當時的皇後娘娘心中悲恸萬分,便是一病不起,不過是短短數月,也就撒手人寰了。
而且,皇後一生之中,除了福慧之外,卻是沒有再生下其餘的皇子。最後登基的,隻是一個&一&本&讀&小說{.{yb}{du}.}妃位所生的皇子。
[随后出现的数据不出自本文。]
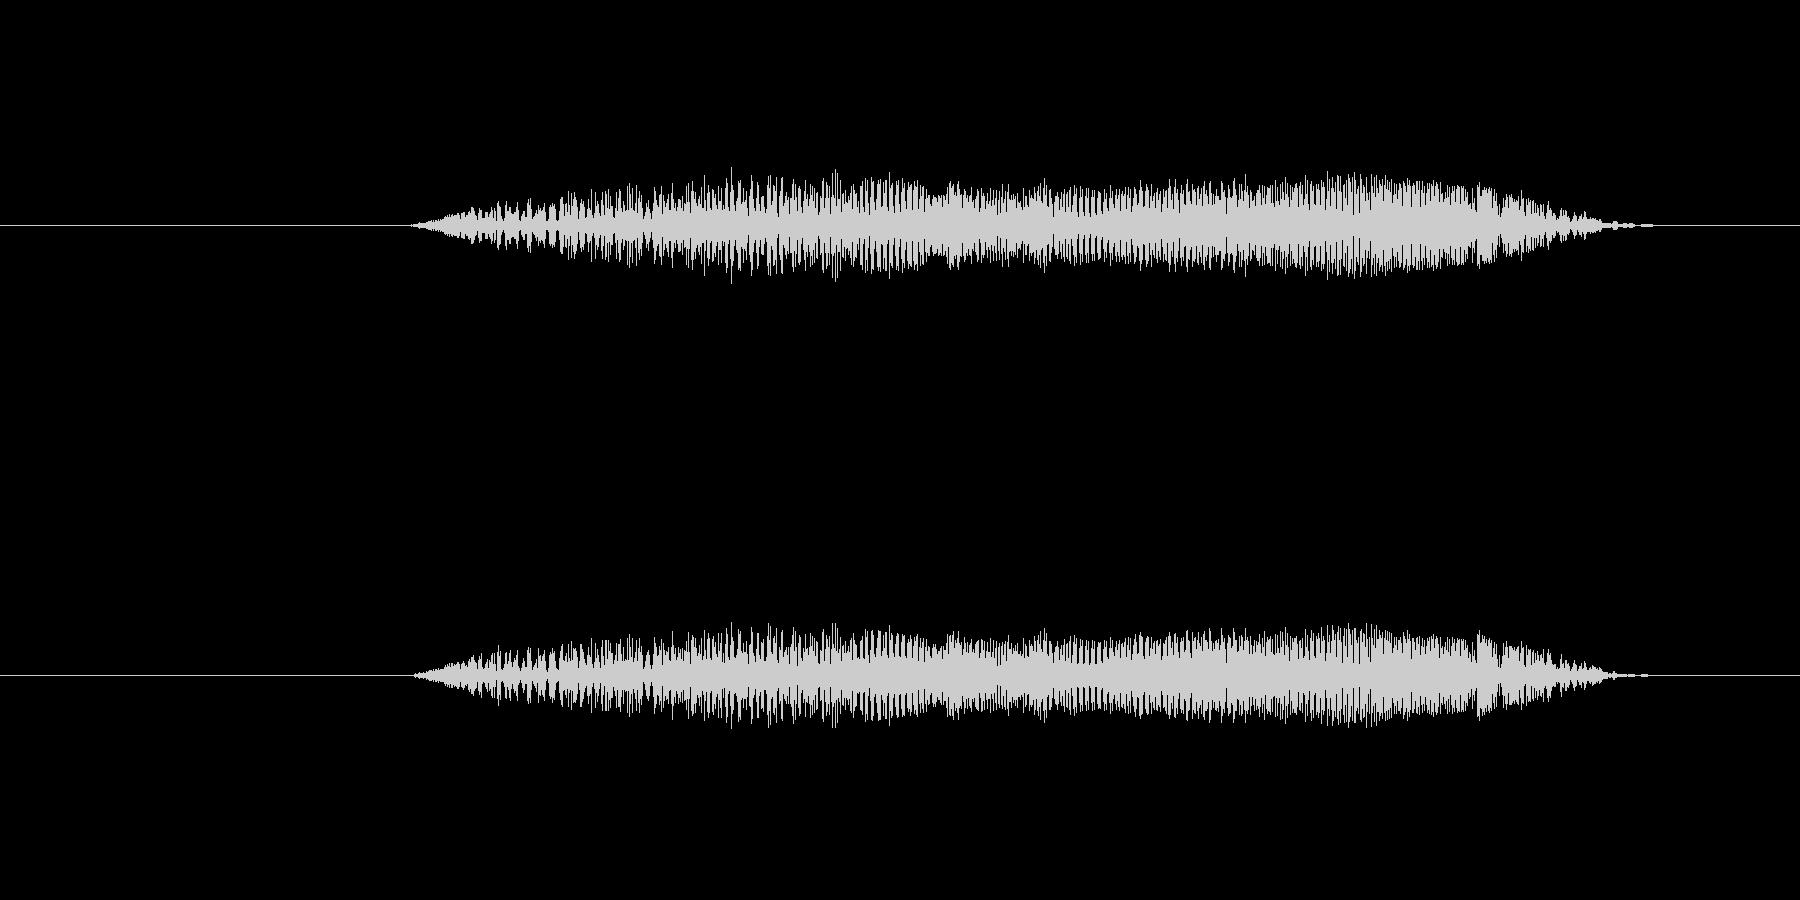 鳥 フクロウの叫び01の未再生の波形

後來,就有人說,福慧年紀小,當不起那麽重的福祉,才會早早的就被上天收了回去。
所以,從那之後,夜雲國的曆代皇上,即便是再喜歡哪個妃嫔生下的皇子,也沒有過早加封的例子了。
如今,冷夜軒卻是提出要封夏霓裳的兒子爲郡王,如何能不讓衆人嘩然。
更何況,祚,又有福祚,國祚的意思。乃是一國的國之根本,代表着國家的福氣,通常都是帝王的簡稱。冷夜軒卻是将這個字,作爲了冷夜辰霖的封号,夏霓裳如何能夠冷靜的下來。
自古以來,叫祚的皇子可是不多,但最後大部分都做了皇上。旁邊的人目光深邃,不知道在想些什麽。
衆人也是交頭接耳,再看向夏霓裳和冷夜辰霖的目光,已是不同。
在她們看來,夏霓裳不過是一時得了冷夜軒的喜歡,等到人老珠黃,皇上哪裏還會記得她是誰,不過是紅顔枯骨,垂淚低泣罷了。
而且,夏霓裳現在雙目失明,又是廢後,身份着實的尴尬。冷夜軒的此舉,不知道是不是大有深意。一時間,衆人的目光,皆是落在了冷夜軒懷中的那個孩子身上。
夏霓裳從聽到冷夜軒的話語,到她站起來,心思何止是百轉千回,她雖然看不到,可是耳邊卻是冷夜軒那爽朗的笑聲。
夏霓裳跟在冷夜軒身邊這麽久了,哪裏不知道冷夜軒是有多麽的喜歡冷夜辰霖。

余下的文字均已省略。